El Señor retribuyó abundantemente la generosidad de Rut. Estas páginas hablan de la providencia de Dios, que con gran discreción, con aparente naturalidad, sin realizar acciones prodigiosas, fue disponiendo los medios para que no faltara a Noemí y Rut lo necesario para sustentarse. «La solicitud de la divina providencia es concreta e inmediata; tiene cuidado de todo, de las cosas más pequeñas hasta los grandes acontecimientos del mundo y de la historia. Las Sagradas Escrituras afirman con fuerza la soberanía absoluta de Dios en el curso de los acontecimientos: “Nuestro Dios en los cielos y en la tierra, todo cuanto le place lo realiza” (Sal 115,3); y de Cristo se dice: “si Él abre, nadie puede cerrar; si Él cierra, nadie puede abrir” (Ap 3,7); “hay muchos proyectos en el corazón del hombre, pero sólo el plan de Dios se realiza” (Pr 19,21)» (Catecismo de la Iglesia Católica, n. 303).
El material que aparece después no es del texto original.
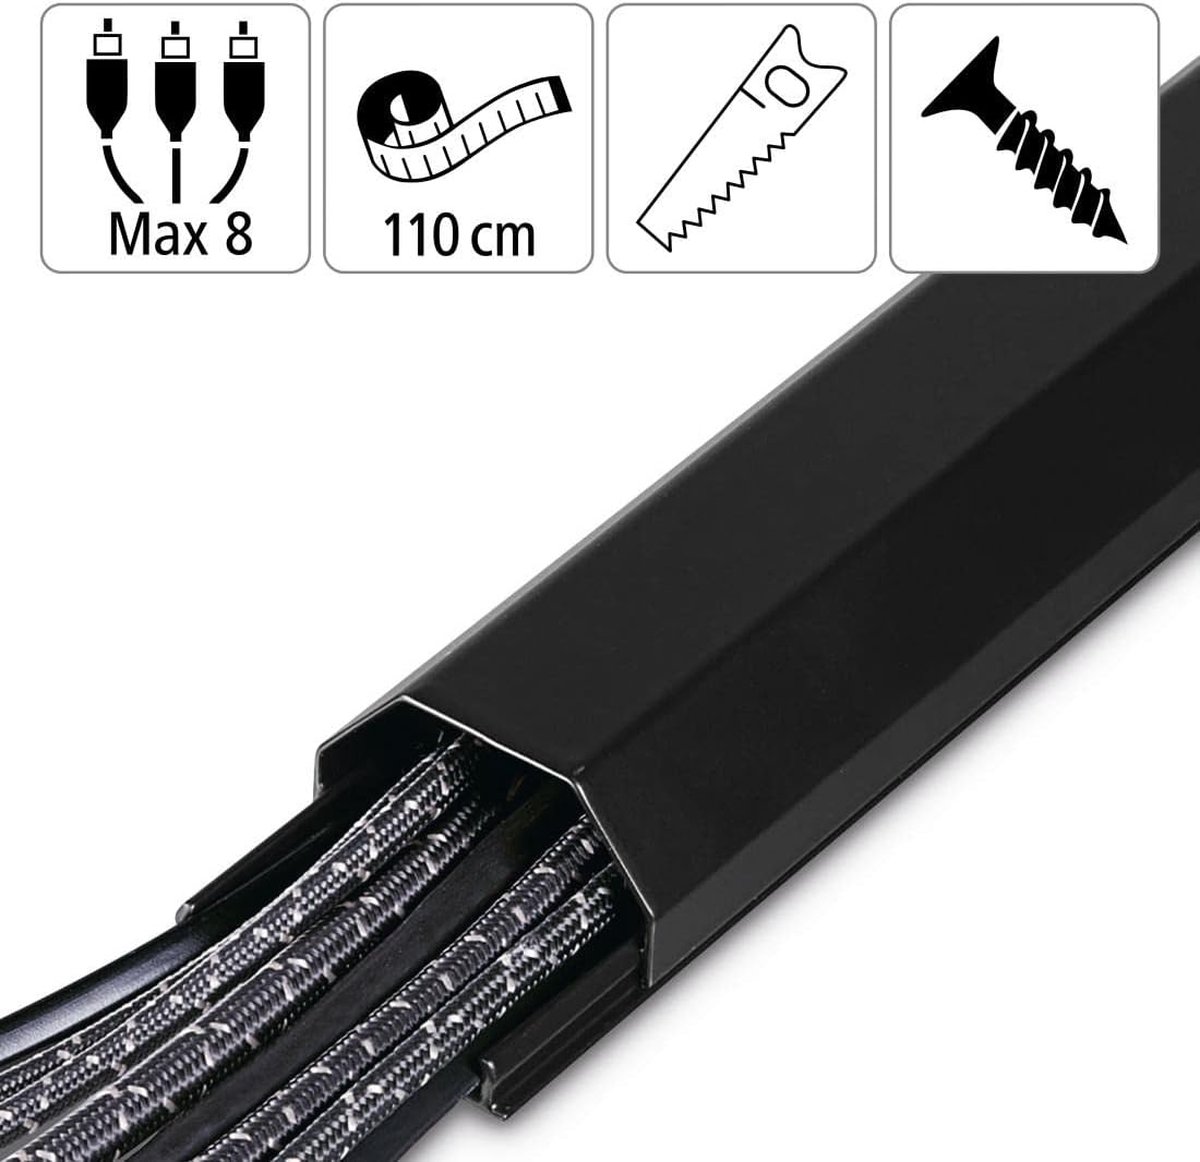 Stabiele kabelgoot van aluminium zwart (1,1 meter lengte, voor 8 kabels, robuuste vierkante metalen kabelafdekking, incl. schroeven en pluggen)
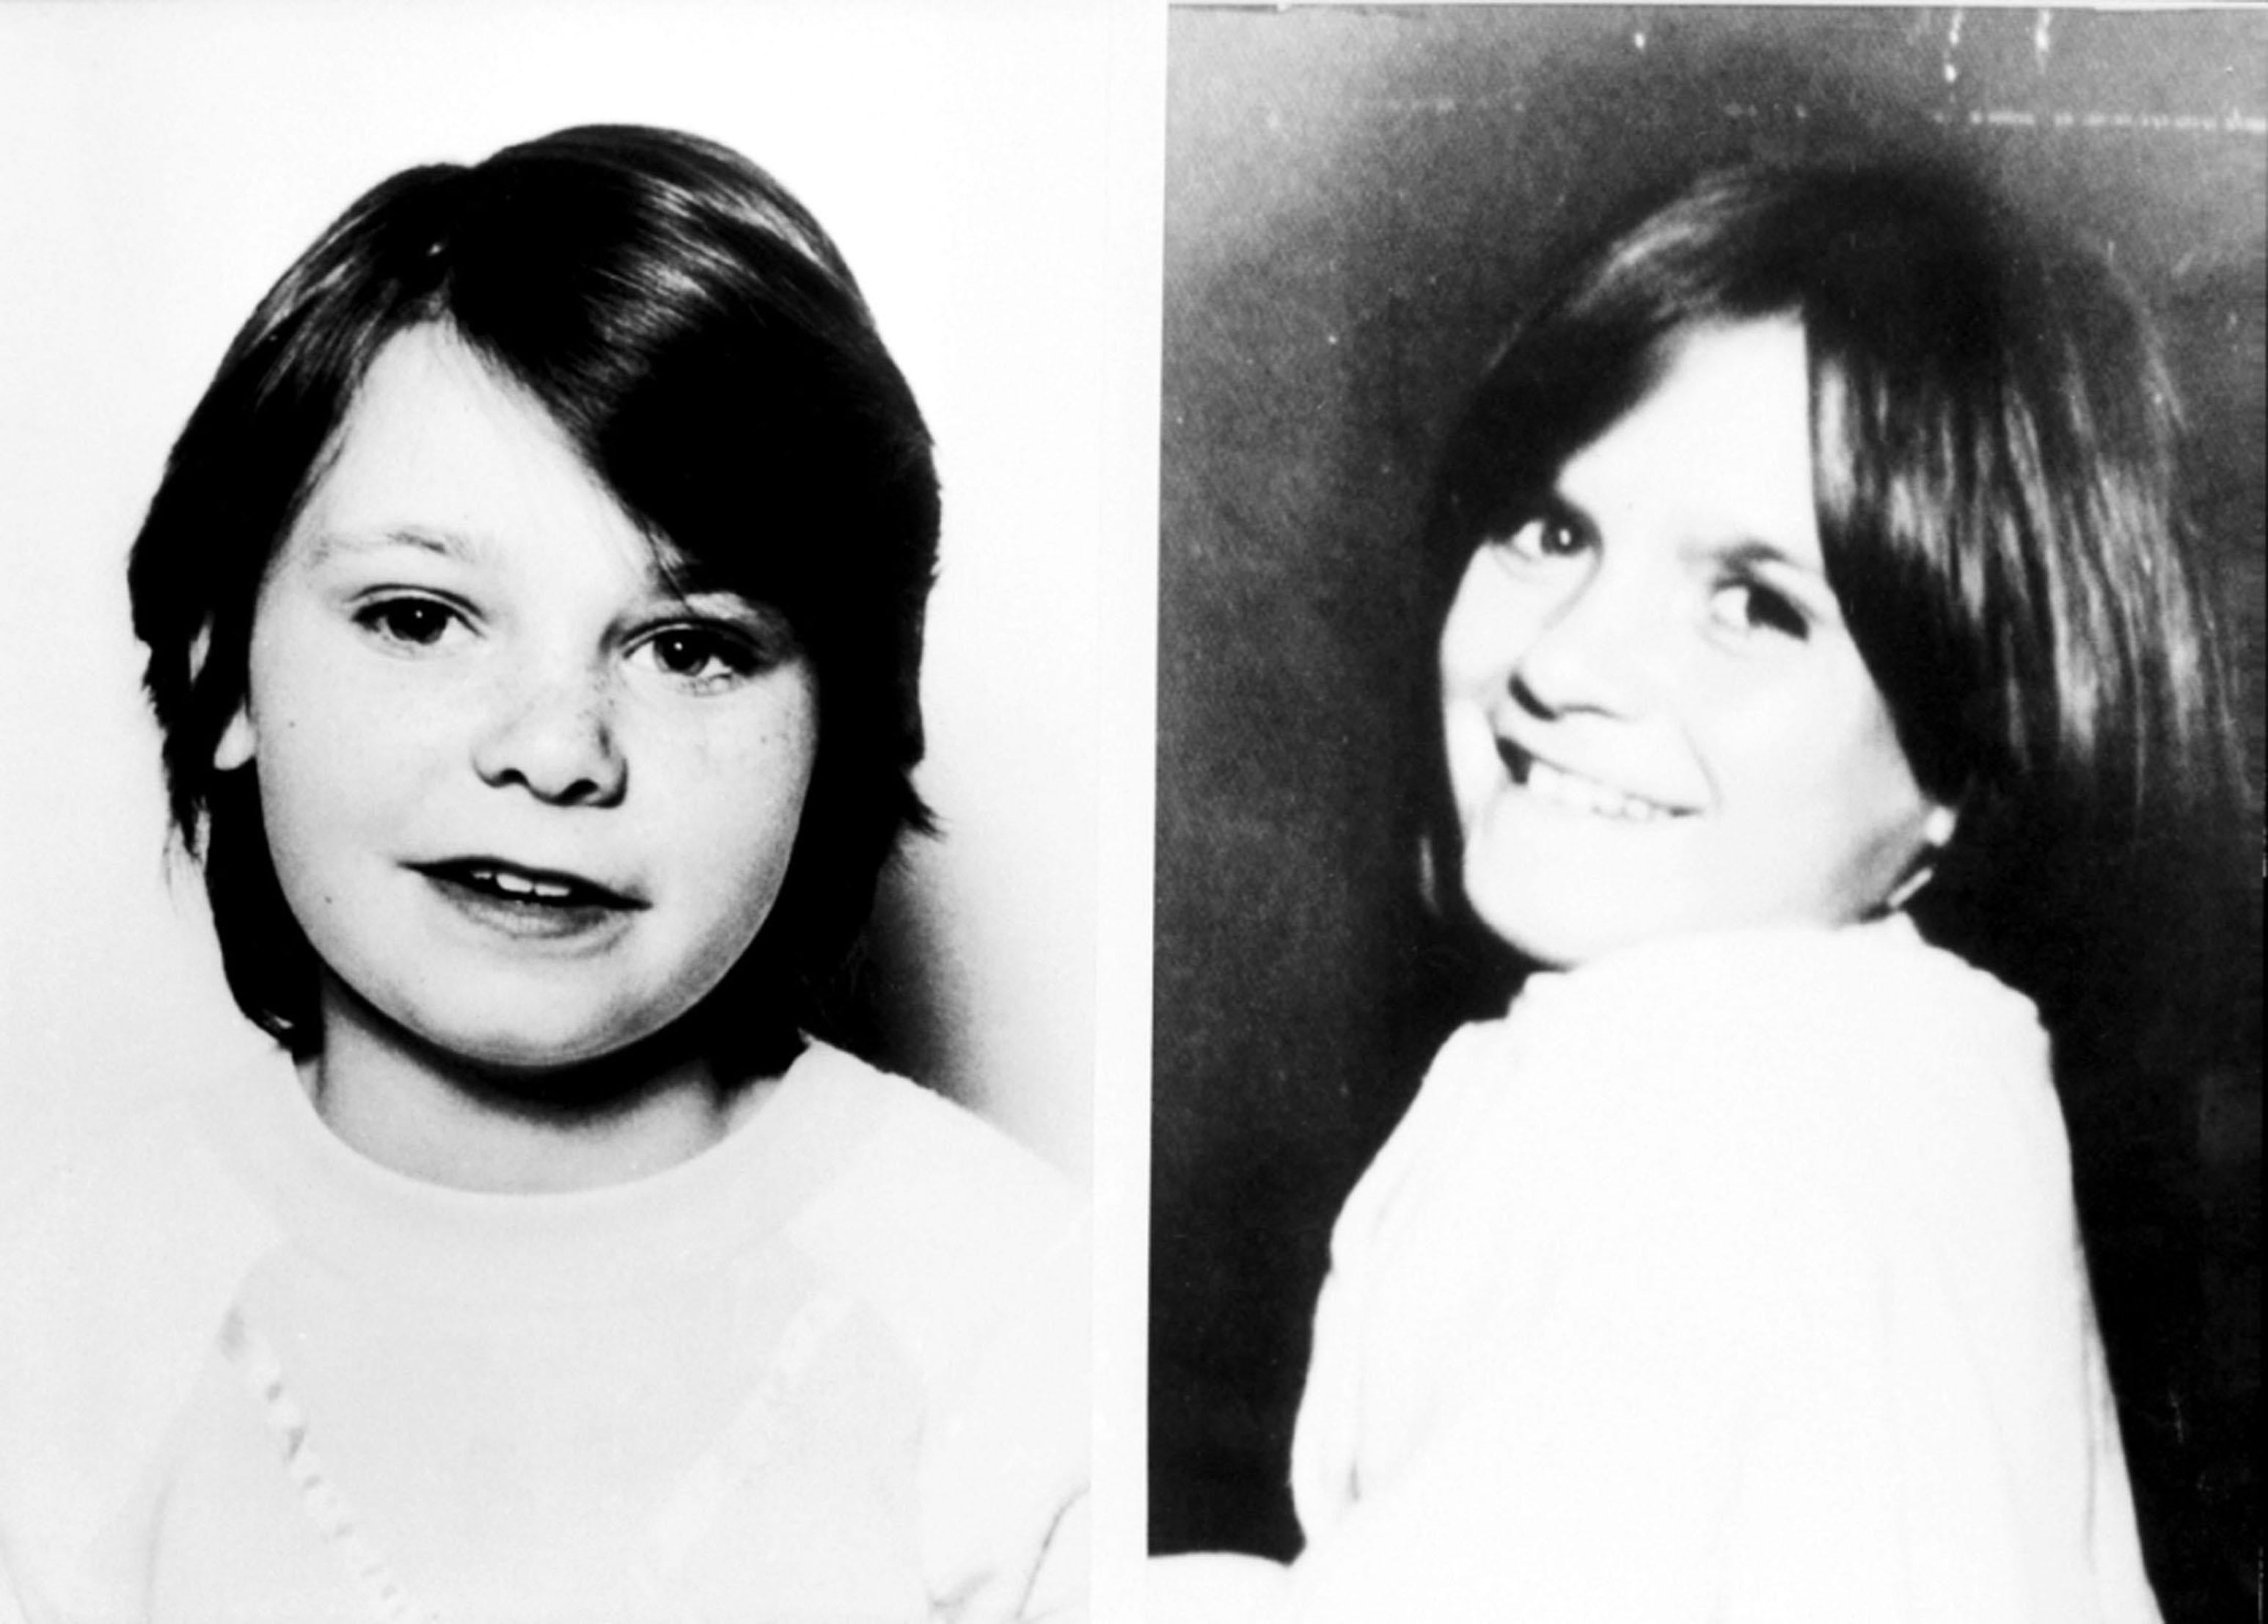 Schoolgirls Karen Hadaway and Nicola Fellows were murdered by paedophile Russell Bishop in Brighton in 1986 (PA)

En la Ley estaba previsto que después de segar un terreno no se volviese a recoger lo que se les hubiera caído u olvidado a los segadores, de modo que los necesitados pudieran alimentarse de las espigas que quedasen en el suelo (cfr Lv 19,9-10 y Dt 24,19). Rut, acogiéndose a esta medida humanitaria, sale tras los segadores para buscar algo de alimento y entra en el campo de Booz. Éste, al visitar a sus hombres, reparó en la muchacha y la trató con benevolencia al saber quién era.

Ese favor fue una muestra de la protección que le dispensó «el Señor, Dios de Israel, bajo cuyas alas buscaste refugio» (2,12), como le diría Booz. La idea de acudir al Señor para encontrar cobijo bajo sus alas es un modo de hablar frecuente en la Biblia (cfr Dt 32,10-11; Sal 17,8; 36,8; 61,5; 63,8 y 91,4) que expresa con gran fuerza poética la ternura con que Dios se hace cargo del cuidado de los que se acogen a Él. Nuestro Señor Jesucristo la utilizará también para manifestar el afecto que había mostrado hacia la Ciudad Santa sin ser correspondido: «Cuántas veces he querido reunir a tus hijos, como la gallina reúne a sus polluelos bajo las alas, y no quisiste» (Mt 23,37).